Echoがハッキングされたのは今回が初めてではない。昨年8月には英国のセキュリティ研究者であるマーク・バーンズが、第1世代のEchoにマルウェアを仕掛ける方法を公開している[日本語版記事]。これは、デヴァイス内部のハードウェアへの接続に使う非常に小さな金属製の端子を利用するやり方だった。

また今年に入ってからは、4月にセキュリティ会社Checkmarxがシステムの脆弱性を利用して、Echoで無制限に音声を録音し、記録を送信できる「スキル」を公表して話題になった。Google Playストアでは悪意のあるアプリが見つかっているが、それと同じようなもので、ユーザーがだまされてダウンロードすればEchoが盗聴装置になってしまう。

今回の手法が異なるのは、特定のEchoをネットワーク経由で乗っ取ることができる点だ。米国家安全保障局(NSA)のエリートハッカーチーム「Tailored Access Operations」に所属した経歴をもつジェイク・ウィリアムスは、Echoを遠隔から攻撃するのはそれほど容易ではないと指摘する。

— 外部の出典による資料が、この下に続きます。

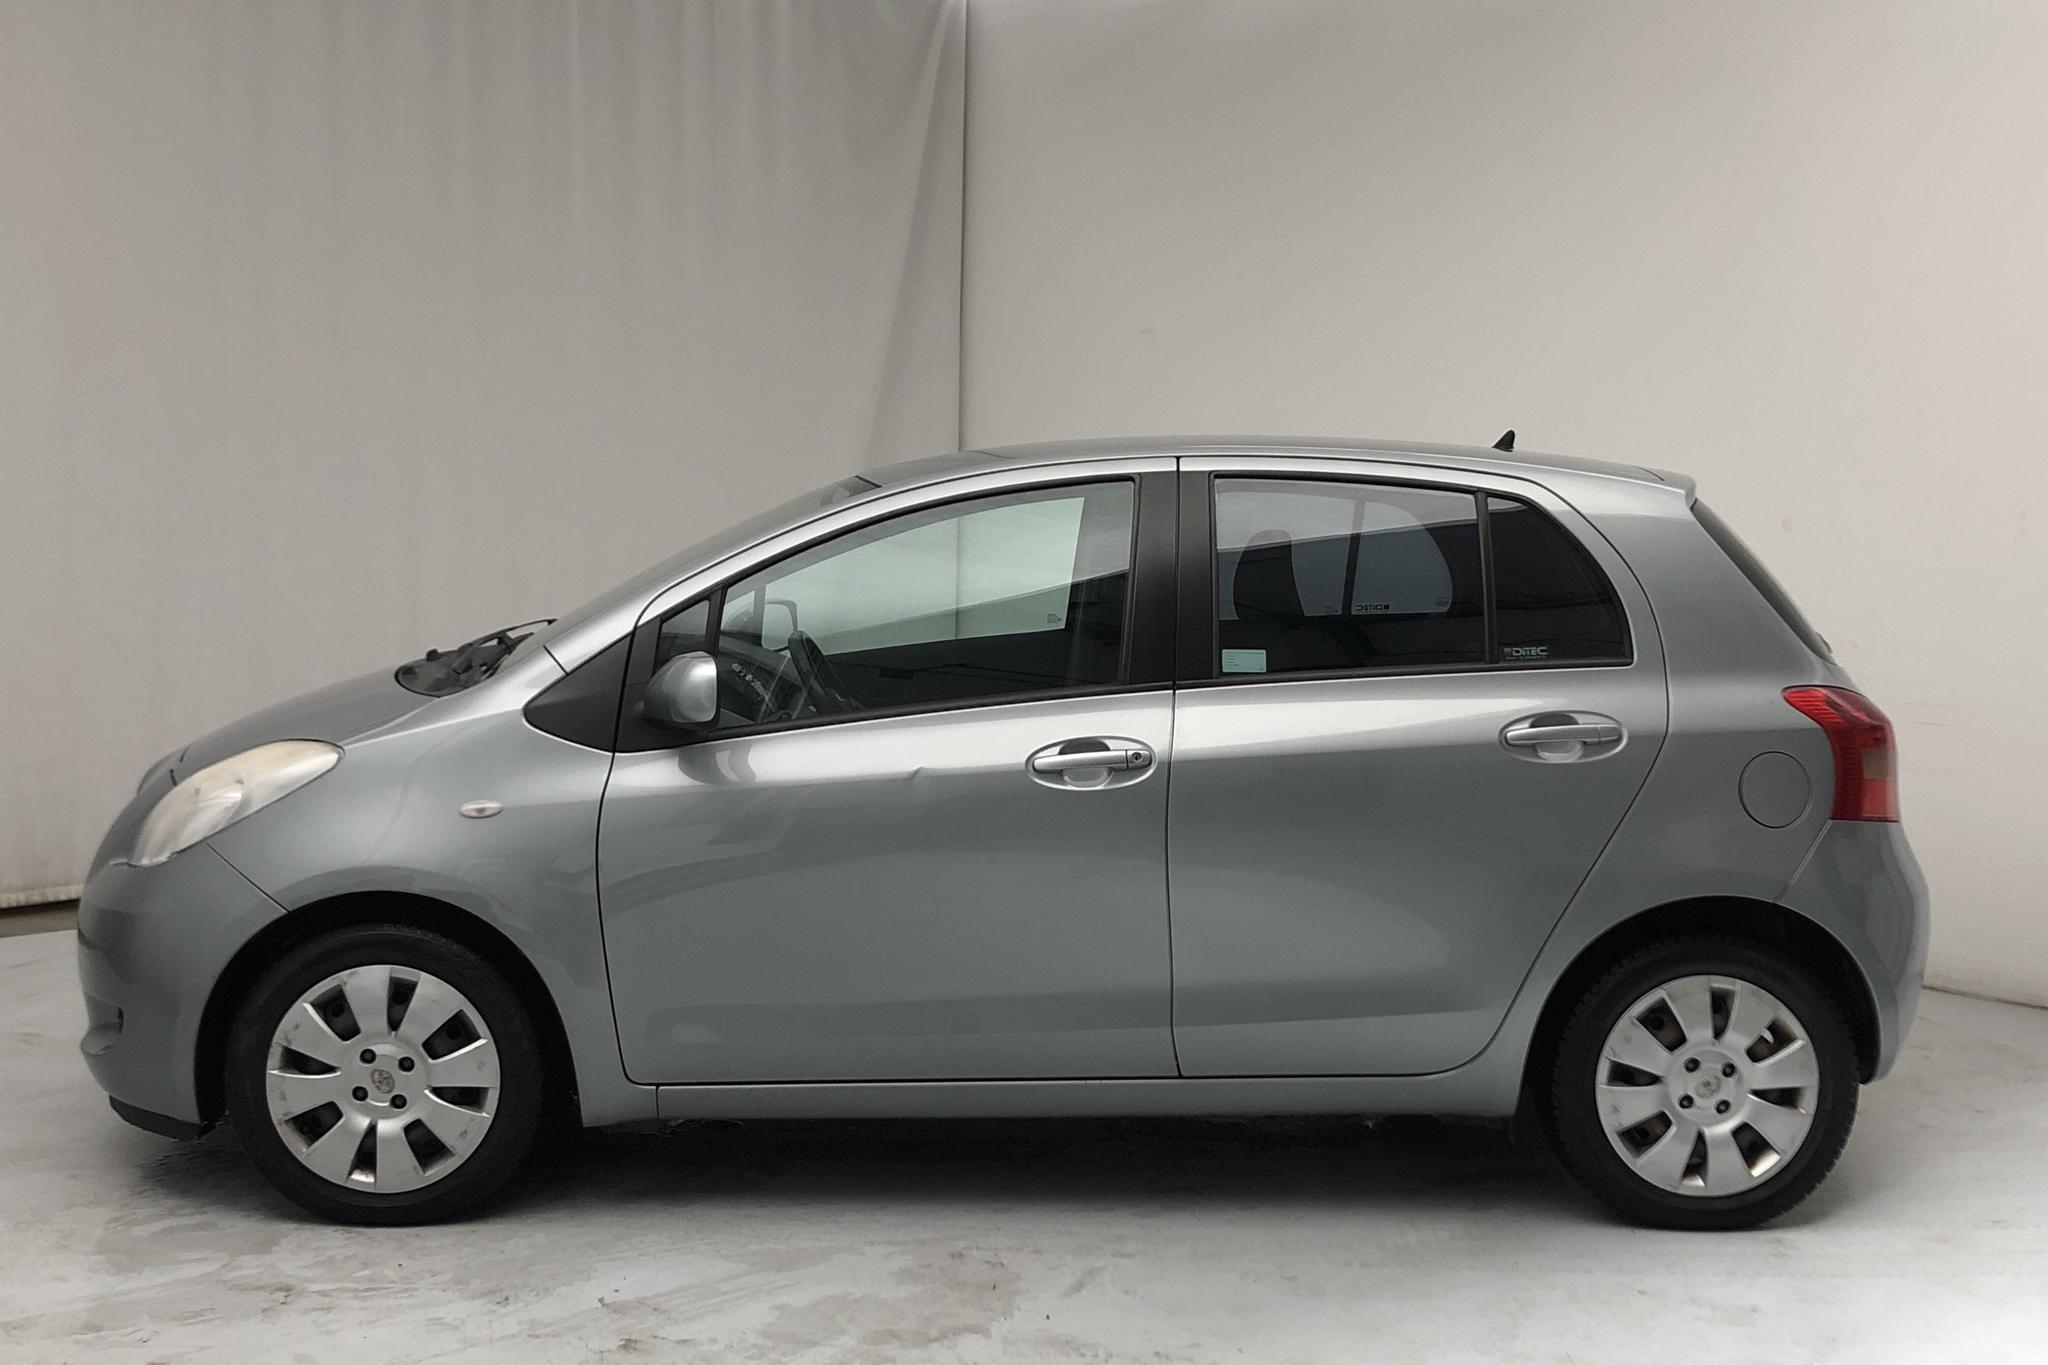 Toyota Yaris 1.3 5dr (87hk) - 125 060 km - Manual - gray - 2006

コマンドは直接話しかけるか、アマゾンのサーヴァー経由でしか出すことができない。通信は暗号化されており、ハッカーにとっては攻撃できる部分が非常に限られているからだ。だからこそ、テンセントの研究チームはEcho同士のコミュニケーションを狙うことにした。

ウィリアムスは、スマートスピーカーを乗っ取ることでができれば、強力な監視ツールになるだろうと話す。携帯電話のようなデヴァイスとは違い、周囲の音の大半を拾うことができるからだ。「部屋中の音を収集してデータ化できるようなデザインになっています。第三者にコントロールされれば、恐るべきスパイツールになるでしょう」

スマートスピーカーを完璧な盗聴器に変える手段が見つかったわけではない。だが、家にあるEchoには目を光らせておいたほうがいいだろう。